Will the Senate advise and consent, or rubber stamp?
For all appearances, Brett Kavanaugh is headed for confirmation as a Supreme Court justice. But that is no reason for Democrats to allow such a reactionary nominee to sail through without a fight - not only in the Senate, but in the court of public opinion.
Republicans have the barest majority - 51 seats - but it would be enough to assure Judge Kavanaugh the nomination.
No doubt he will do what nominees before him have done for decades - dodge questions about his thinking on legal issues, and do his best to perpetuate the fiction that he is just a faithful interpreter of the law who will not apply his personal, political and ideological views to his decisions.

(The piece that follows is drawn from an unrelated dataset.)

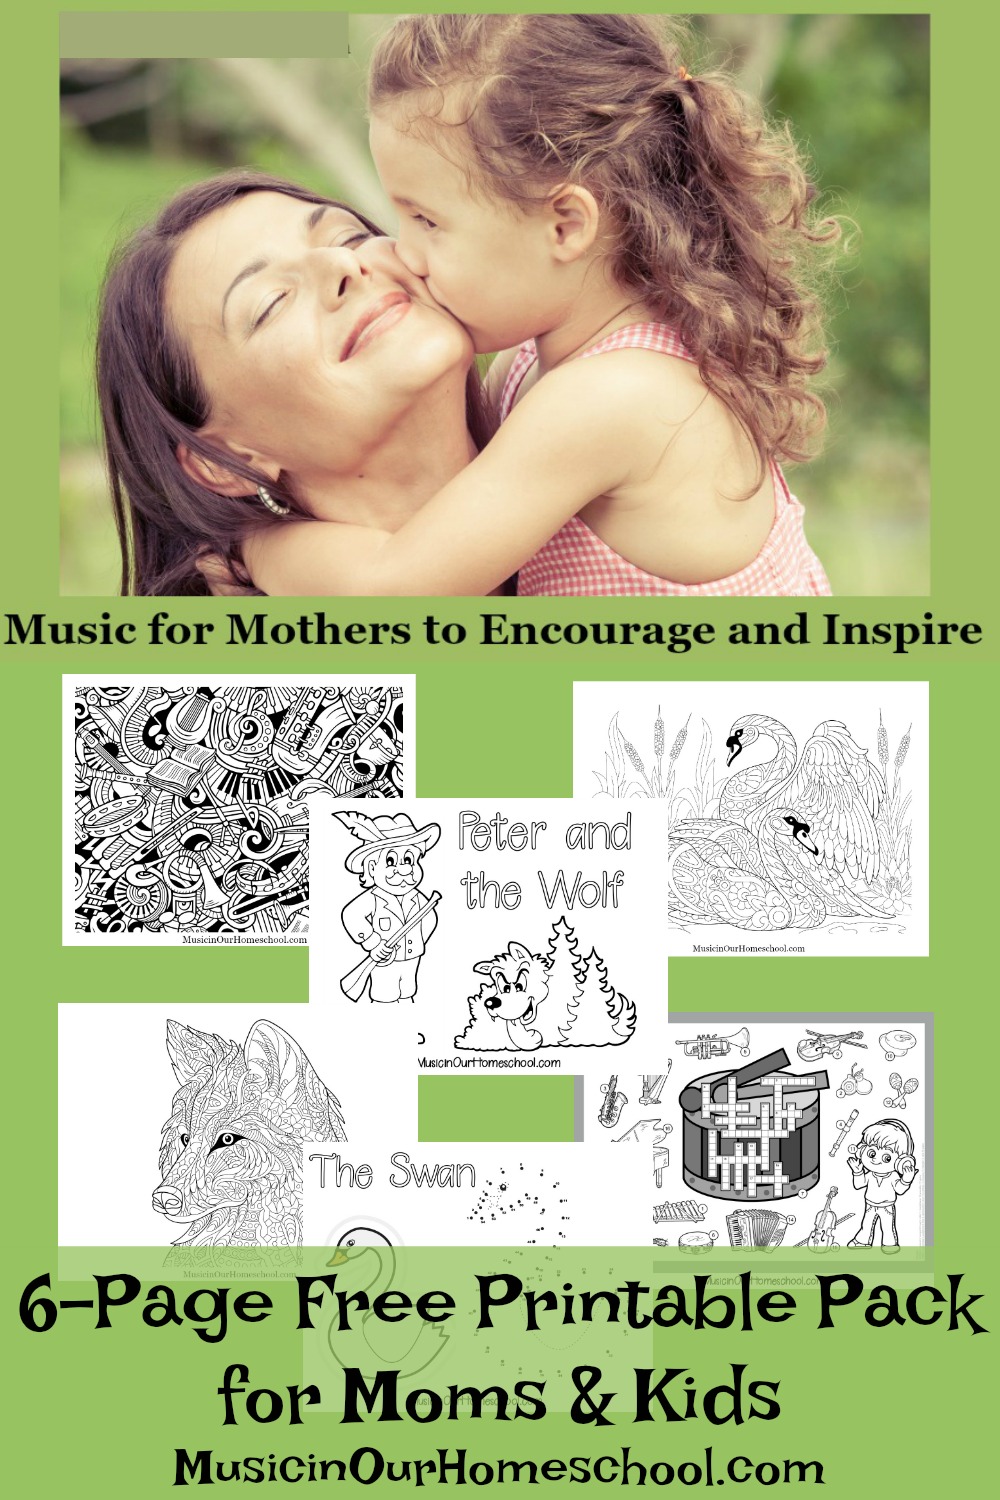 Music for Mothers to Encourage and Inspire free 6-page printable pack for moms and kids.

Which is, of course, nonsense. There is every indication - starting with President Donald Trump’s statements that he would nominate anti-abortion, pro-gun justices - that Judge Kavanaugh would engage in judicial activism, just a brand more appealing to conservatives. And there’s every indication Mr. Trump chose him specifically to shield himself from being questioned or prosecuted in the scandals swirling around him.
Not that he’ll admit it, much less promise to recuse himself from such matters, as he should. That means senators will likely hear the kind of platitudes and nonanswers they’ve come to accept over the years - that he’s a “pro-law” judge, that it would be inappropriate to offer an opinion on matters that might come before the court, that he greatly respects precedent. As for his thoughts on women’s rights, gun control, health care, worker and consumer rights, corporate power, campaign finance, and anything else - no comment.

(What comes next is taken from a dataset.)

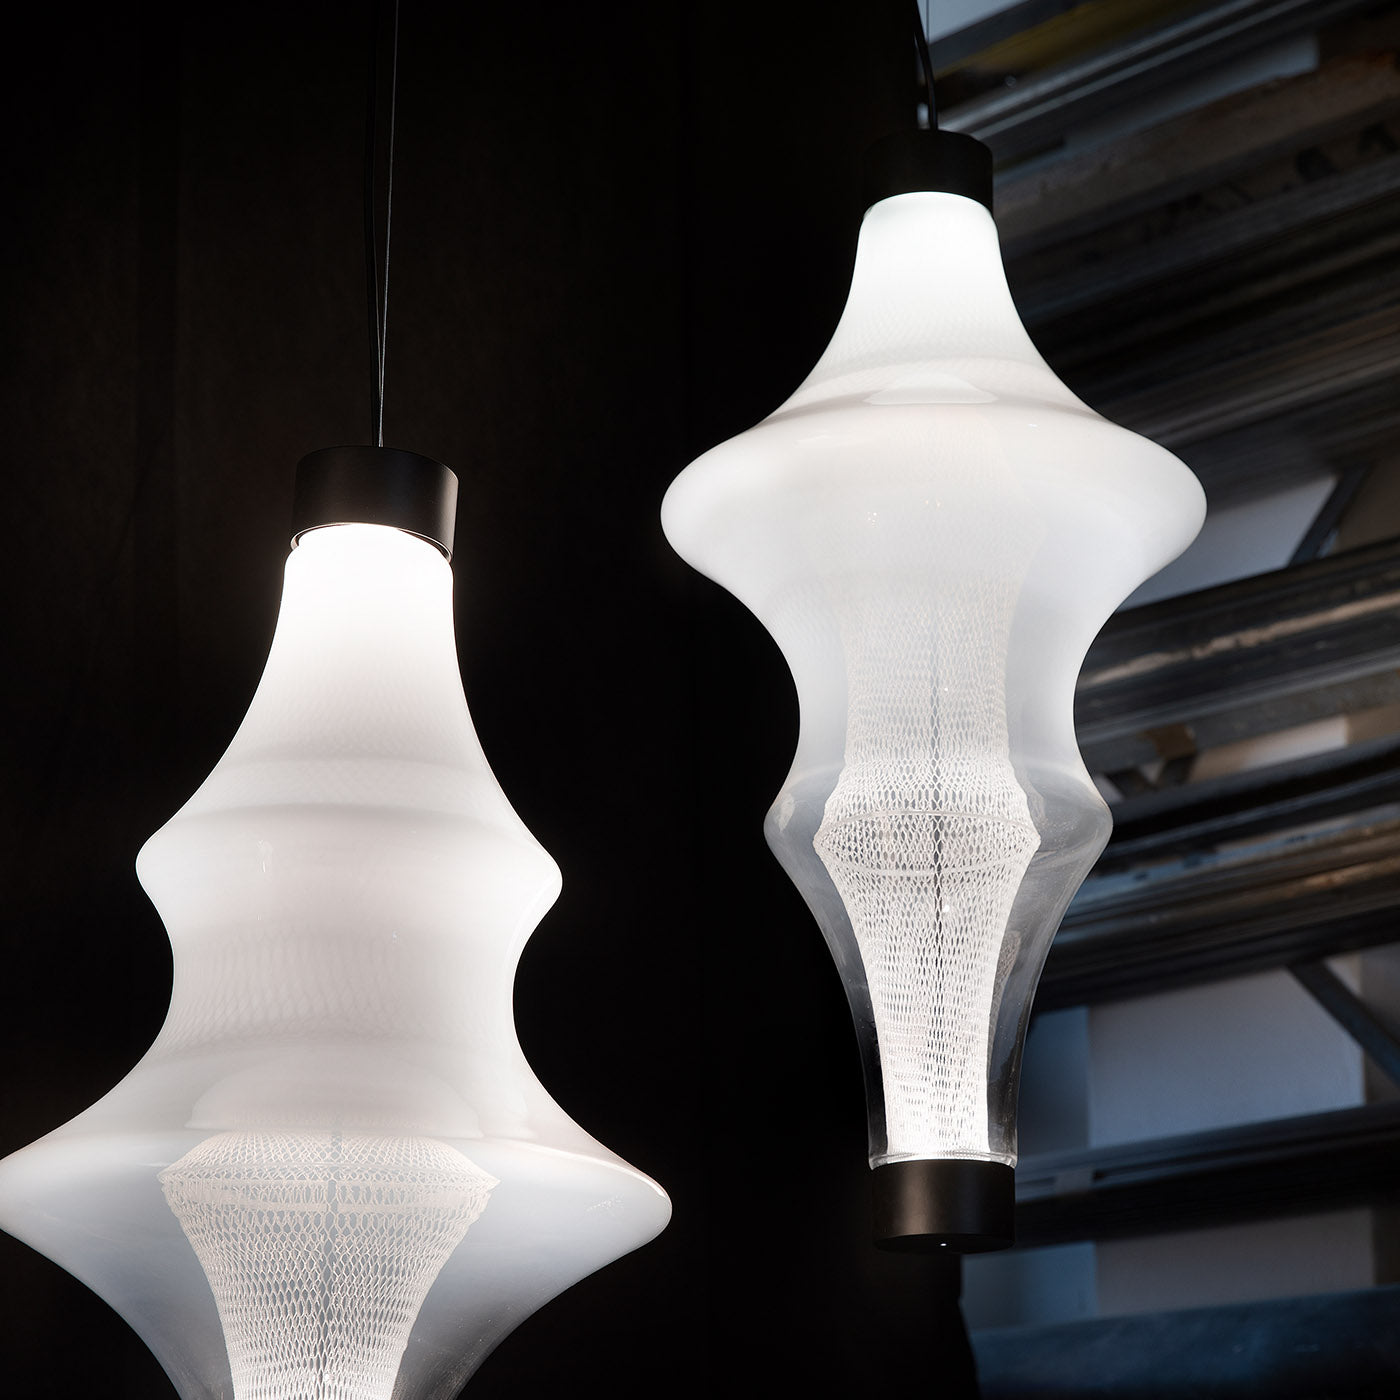 Nasse 01 Pendant Lamp by Marco Zito - Alternative view 2

Even those inclined to support Judge Kavanaugh should be concerned about how this nomination is proceeding. Hundreds of thousands of documents from his days as a White House counsel have been withheld. Hours before the hearings began Tuesday, 42,000 pages were cynically dumped on the Senate.
The one brake on unchecked one-party rule - the filibuster - - is gone, thanks to the erosion of the norms for which the Senate was once known as the world’s greatest deliberative body. Republicans have weaponized their majority, first to block any consideration of even a moderate nominee from President Barack Obama, and now to railroad through President Trump’s ultra-conservative picks.
The best Democrats can do is object, loudly and often, which they began doing Tuesday in demanding the hearings be adjourned until the nominee’s record can be fully reviewed. They must make clear to the American people this is not merely a partisan spat, but a precedent of its own in the deterioration of a representative republic. They must make the case that due process and deliberation are essential if the Senate takes seriously its constitutional duty.
It’s an argument Americans need to hear - and one they should press Republicans to heed or face a judgment of their own come November.